PRELIMINARY MODEL OF CELL DIVISION AND CANCER RISK

A renewing epithelial tissue imposes constraints on the pattern of cell division and cell death. A certain number of surface cells regularly die and slough off. Cell division in subsurface layers replaces the lost cells. Before considering a particular model of cell renewal, it is useful to consider how patterns of cell division affect cancer risk in the absence of constraints on which cells die and which cells divide.

In the simplest model, all cell divisions have the same mutation rate and there is no cell death. We start with a single cell. The tissue must continue to divide its cells until it has a total of k cells. In the absence of cell death, this requires k - 1 cell divisions. Cancer arises if at least one cell acquires m mutations. We assume that all mutations act dominantly in the manner of oncogenes. This assumption of dominance simplifies the analysis. The same approach and qualitative conclusions would apply to recessive tumor suppressor loci.

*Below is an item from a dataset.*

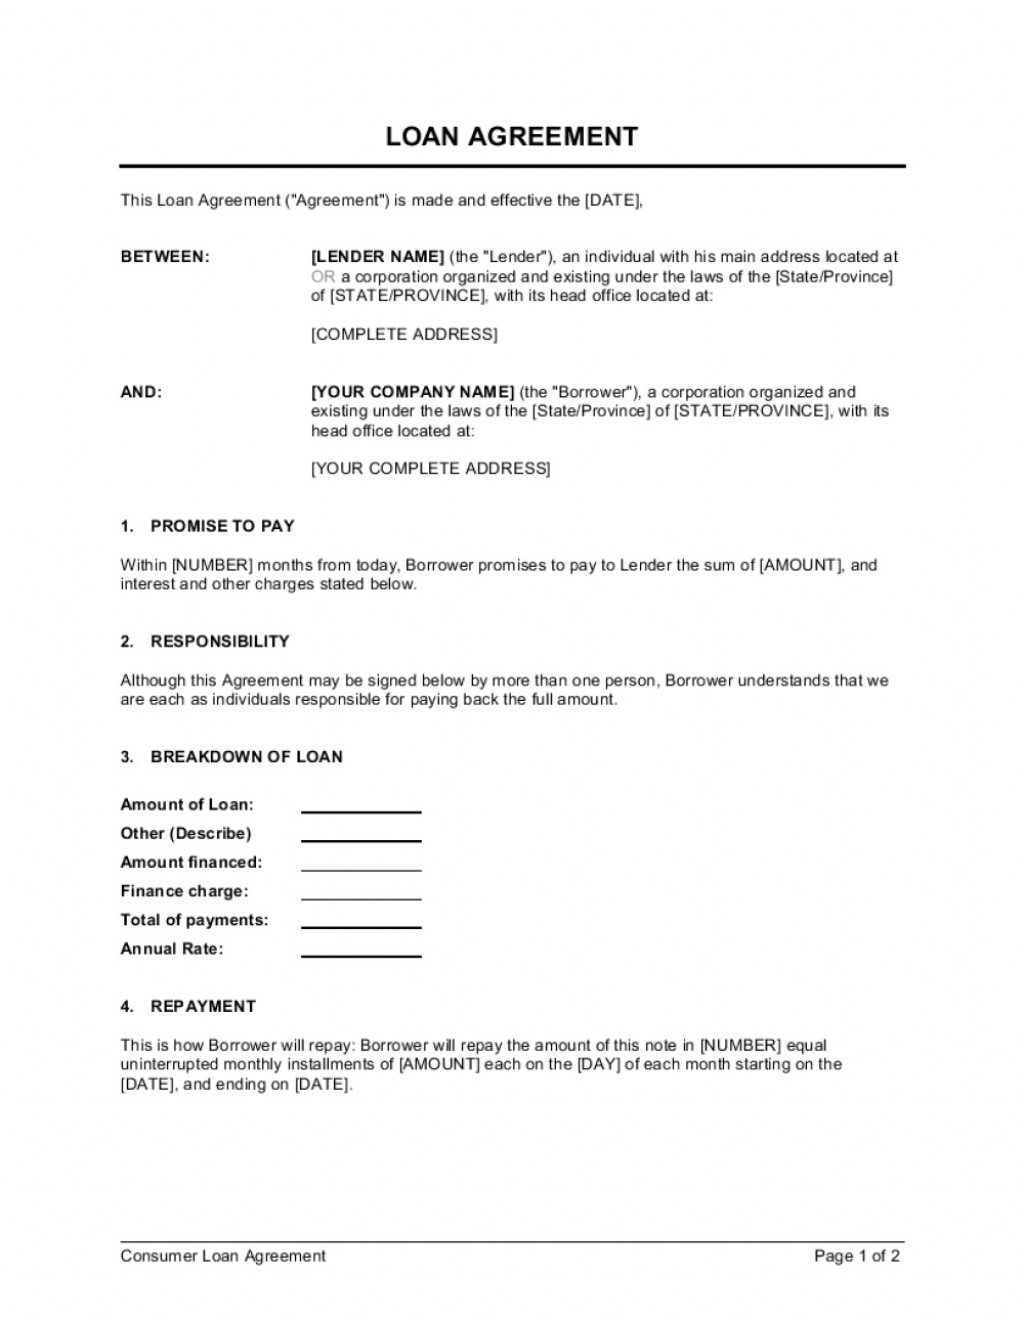 004 Singular Loan Agreement Template Free Photo  Word Nz Family UkLarge

What sort of topology for the history of cellular lineages minimizes the risk of cancer? One way to describe topology is the evenness in the length of cellular lineages. For example, each division could give rise to one daughter that does not divide again and one parent that continues division. To make k = 2ⁿ cells would require a parental stem lineage with a length of 2ⁿ - 1 cell divisions. Alternatively, each cell division could give rise to two daughter cells, each of which divides. The resulting binary tree would produce 2ⁿ final cells, each cell ending a cellular lineage with n divisions in its history.

If m = 1, then topology does not matter because all topologies have k - 1 cell divisions, and the risk of one mutation depends only on the number of cell divisions.

If m > 1, then two or more mutations are needed to cause cancer. Suppose we pick any cell from the total history of cells produced in a tissue. The risk of cancer in that cell increases exponentially with the number of cell divisions, t, back to the original progenitor cell. This exponential increase occurs because the risk of cancer rises with cell divisions in proportion to t^m.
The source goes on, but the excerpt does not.